_What needs to be done_
Everything in the records below from the line containing "Структура заголовка в пакете DNS" through the line containing "Gebr Alexander Mainz" is to be reproduced exactly, those two lines included; no picture is to be copied.

_Source material_
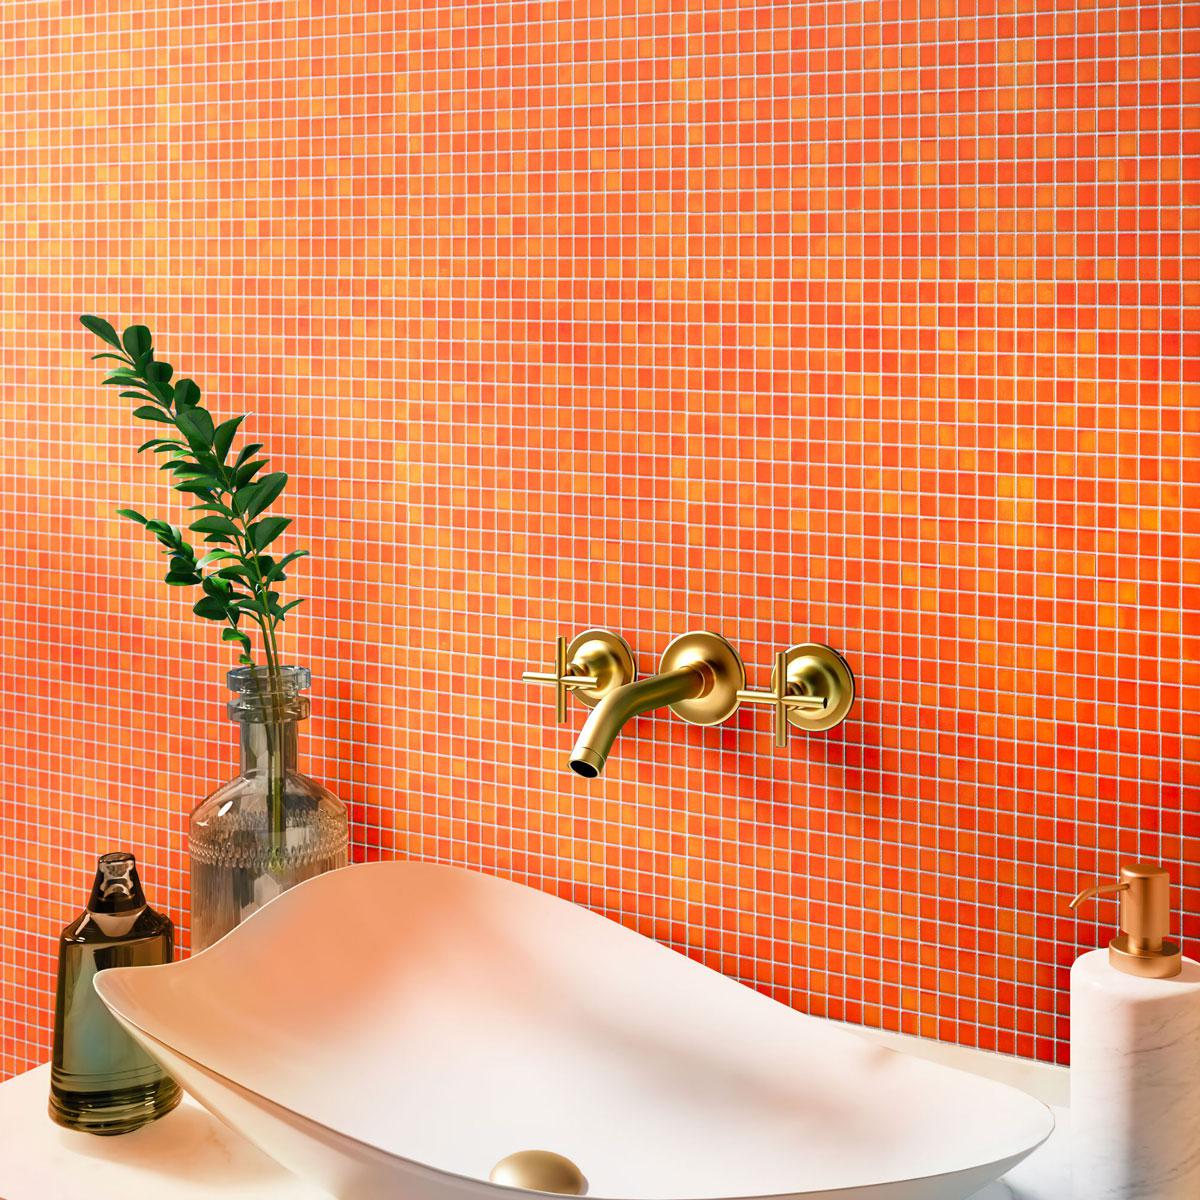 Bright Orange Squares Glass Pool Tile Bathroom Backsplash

* * *

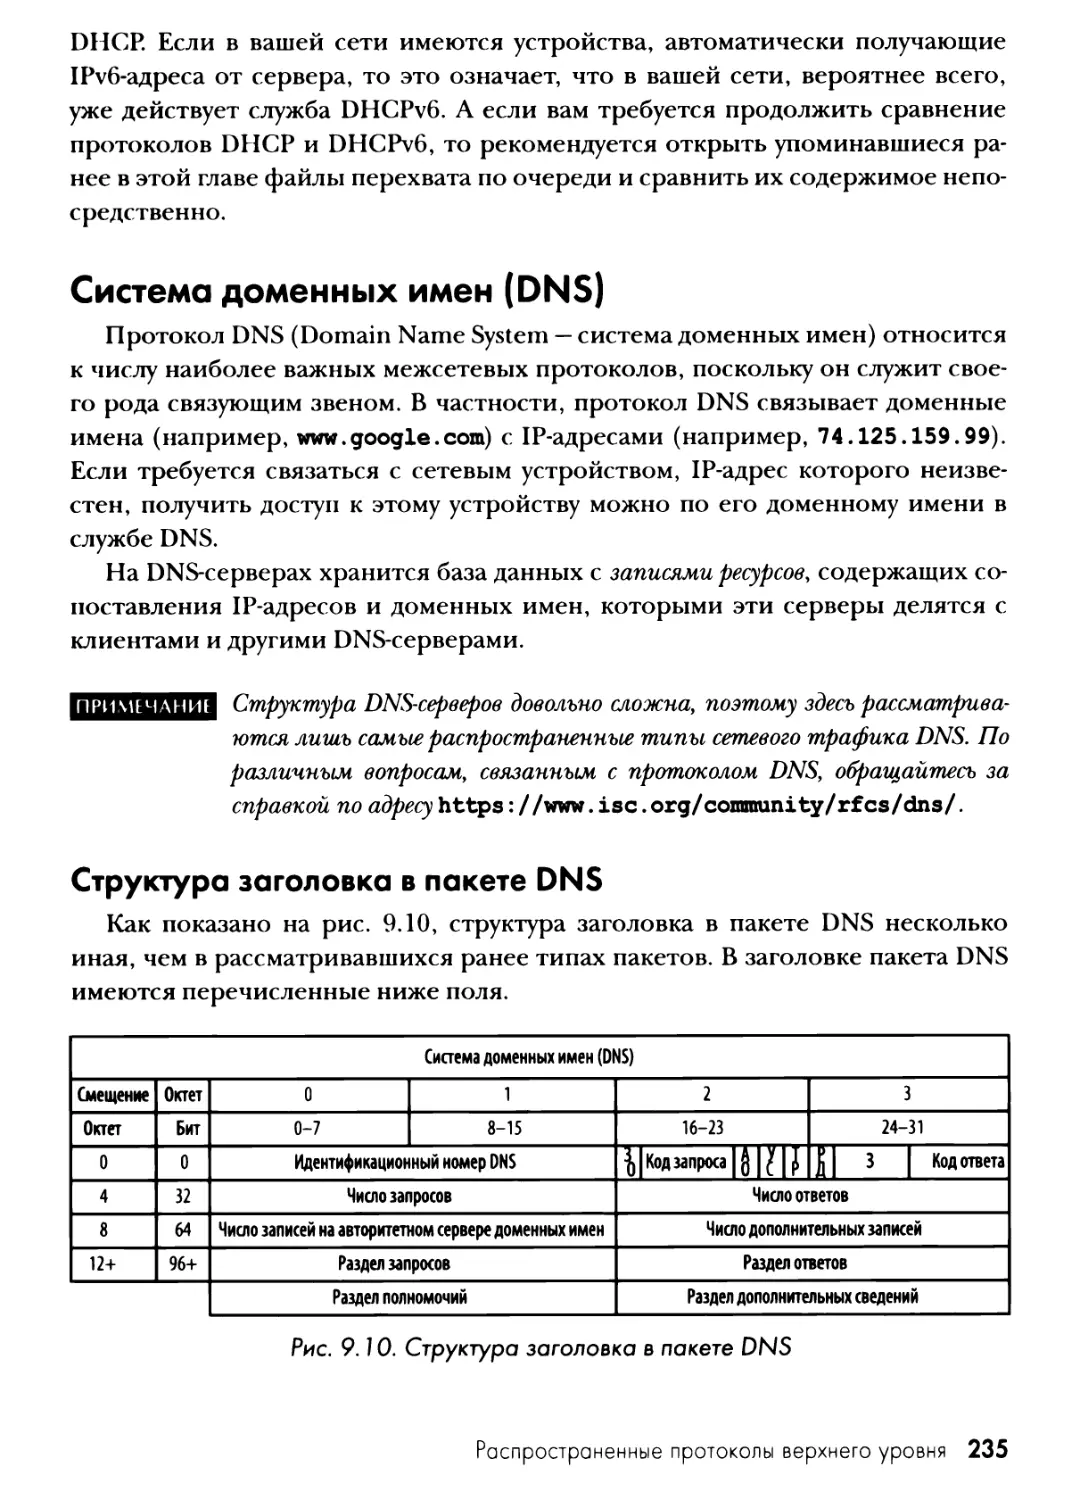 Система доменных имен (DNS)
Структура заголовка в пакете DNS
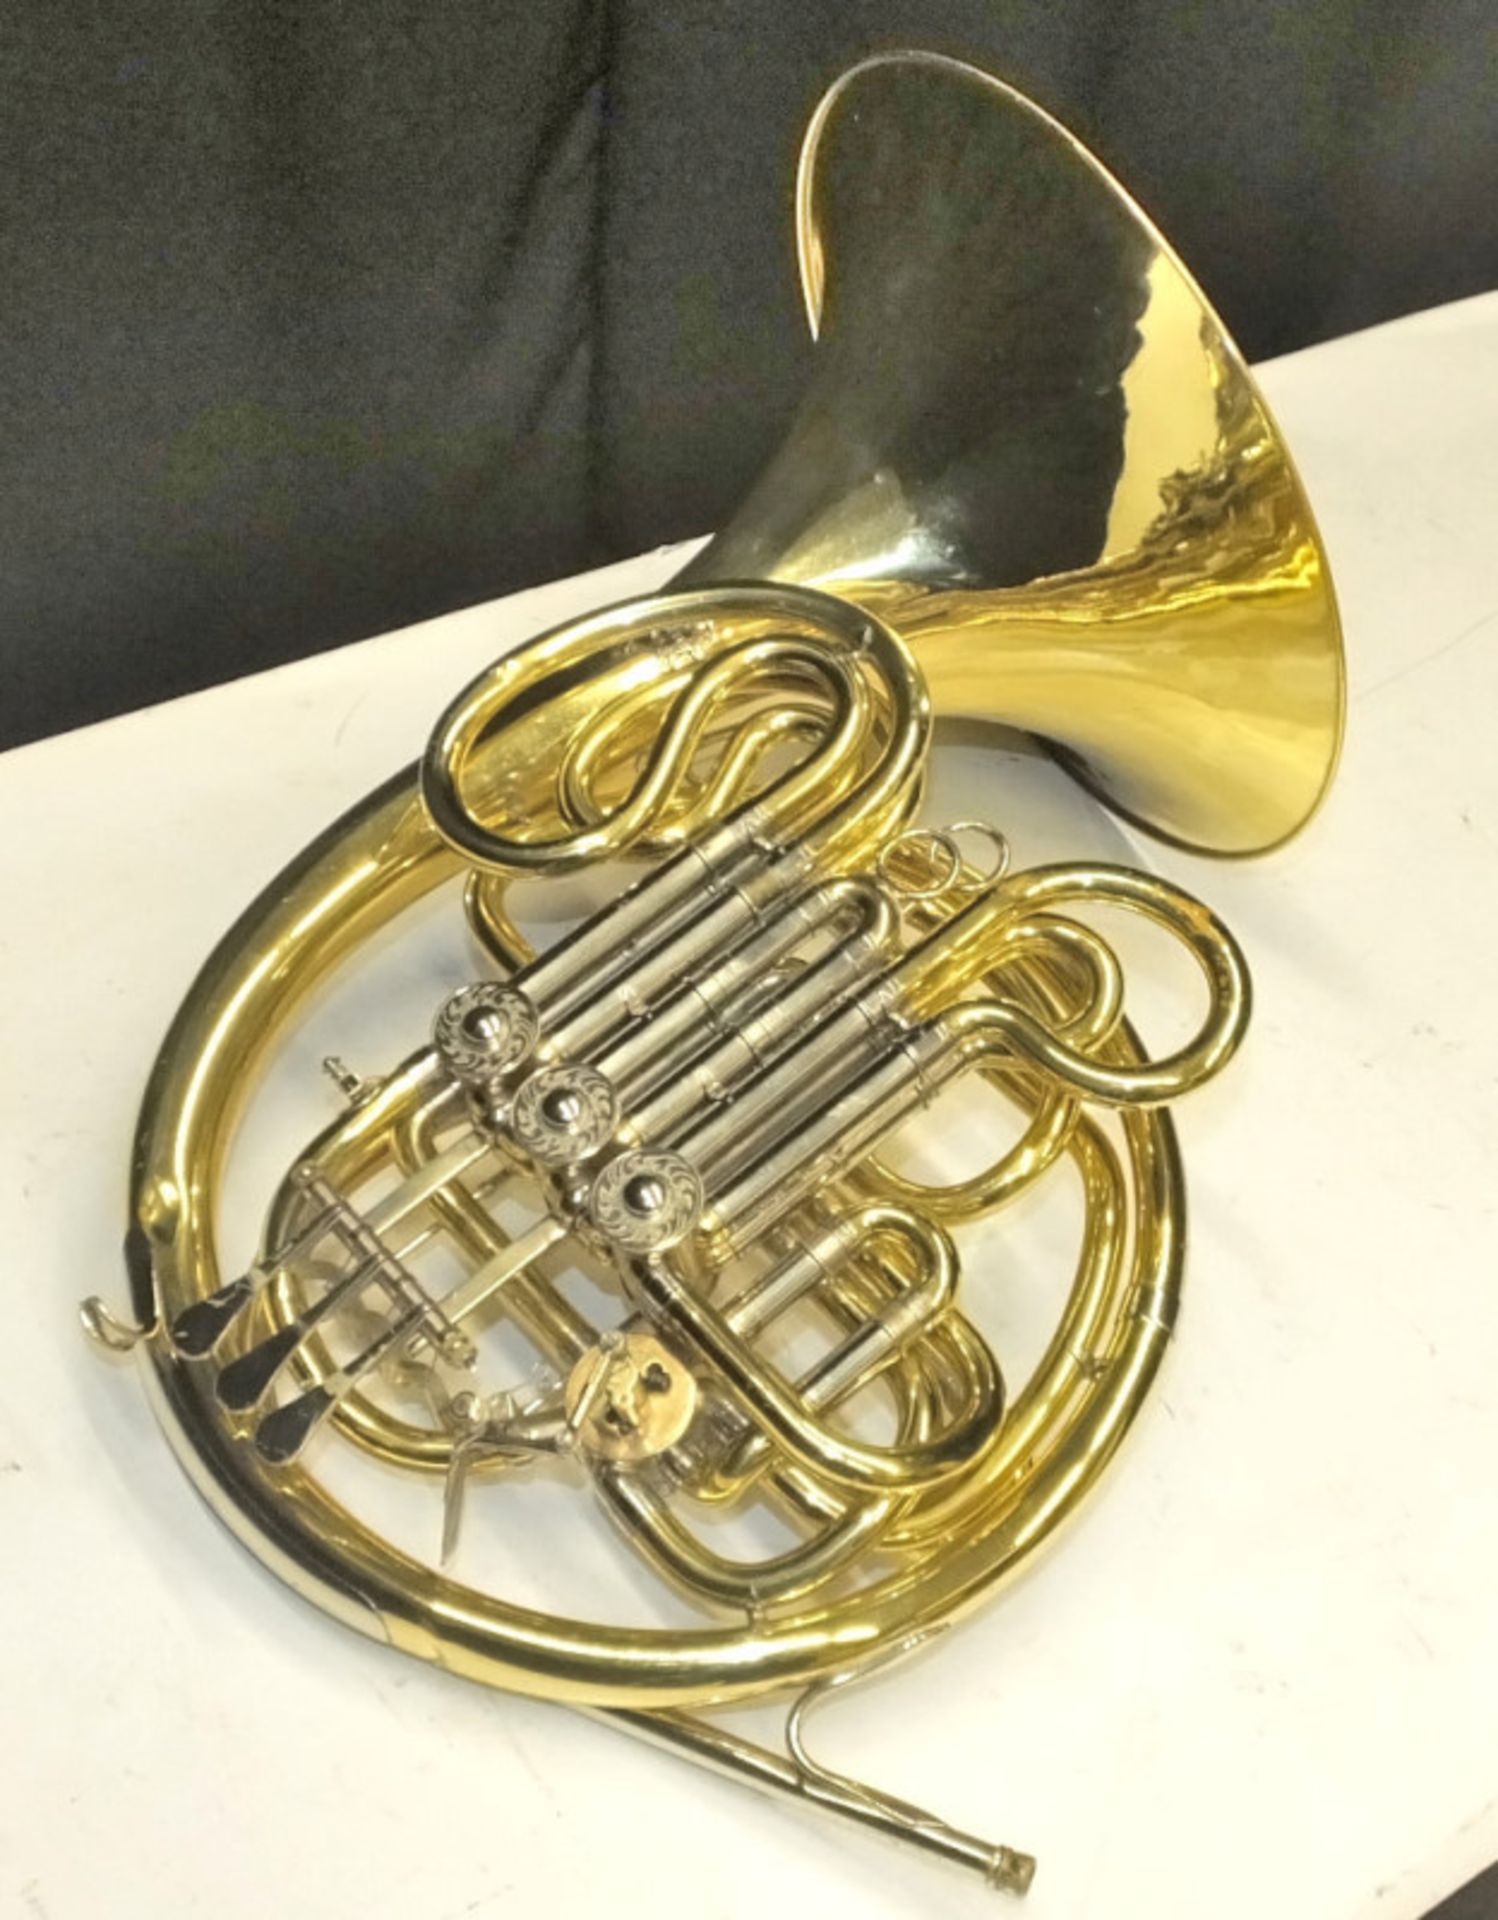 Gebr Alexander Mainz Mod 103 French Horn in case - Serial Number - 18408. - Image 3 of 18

---

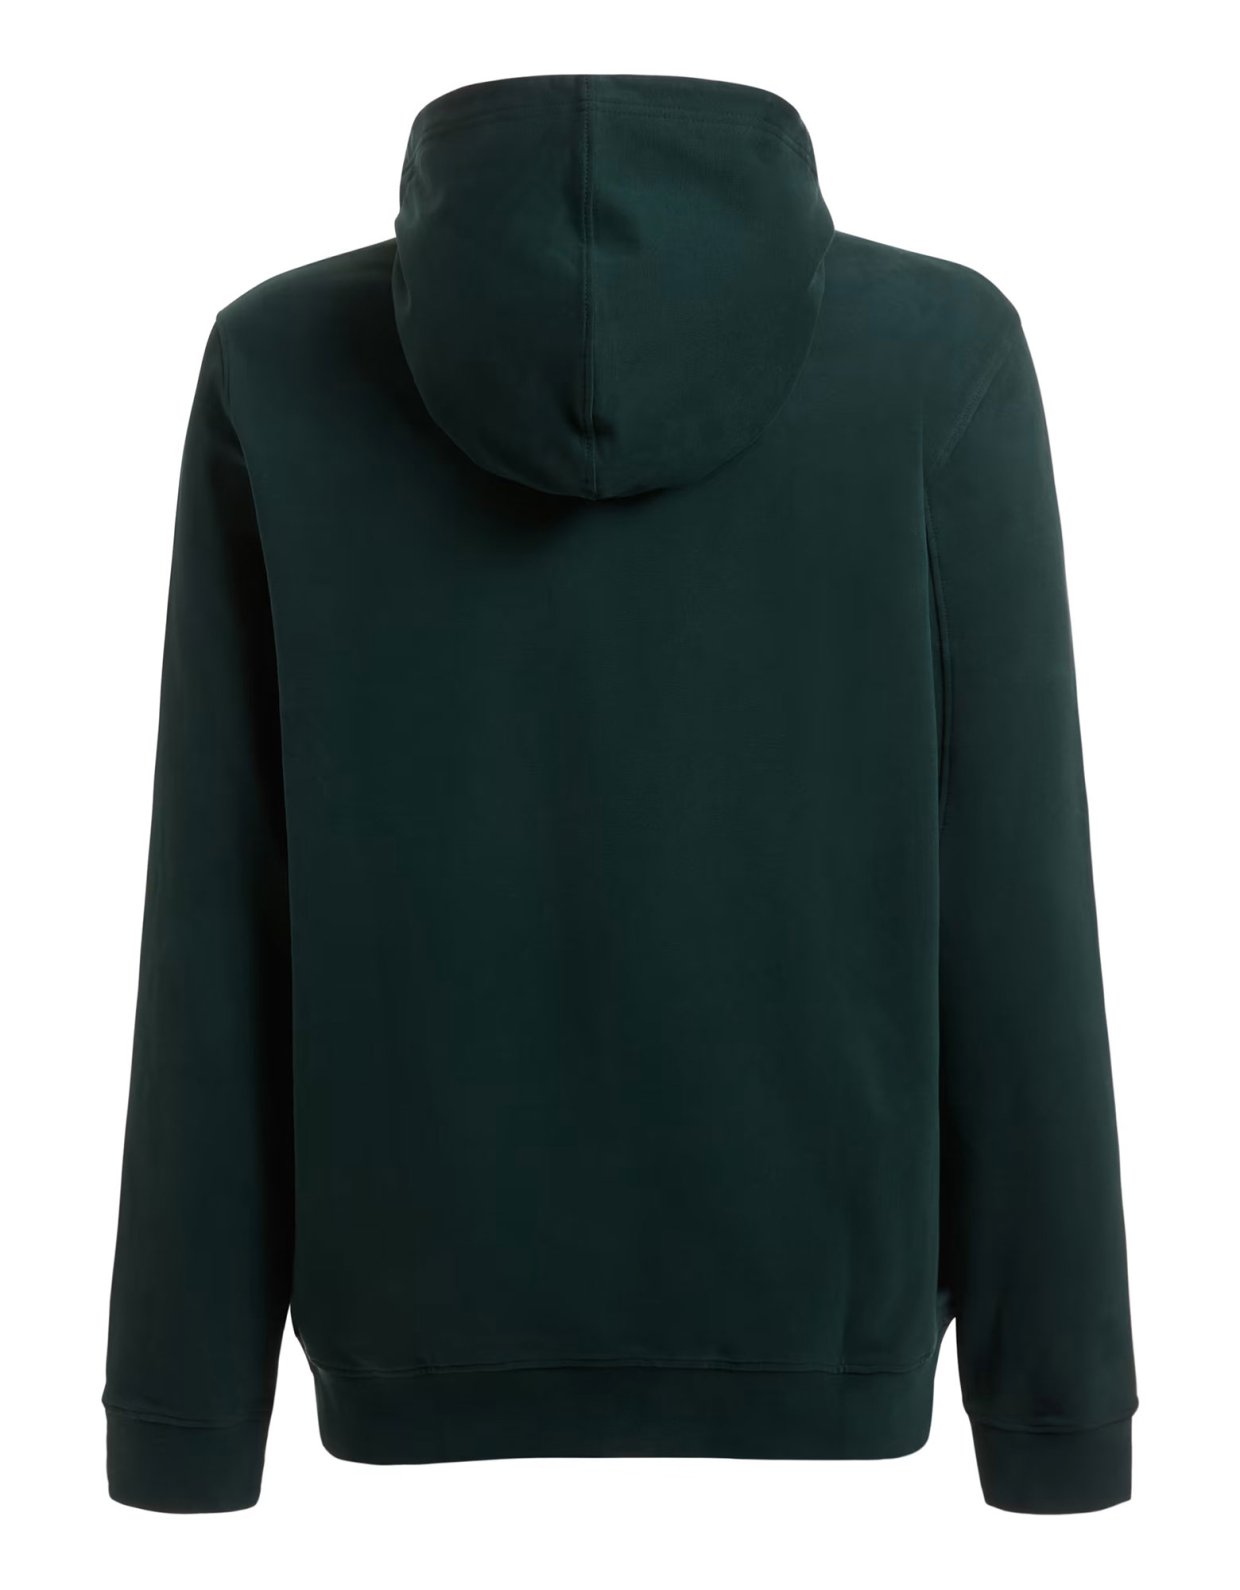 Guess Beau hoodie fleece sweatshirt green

_Result of this exercise_
Структура заголовка в пакете DNS
 Gebr Alexander Mainz Mod 103 French Horn in case - Serial Number - 18408. - Image 3 of 18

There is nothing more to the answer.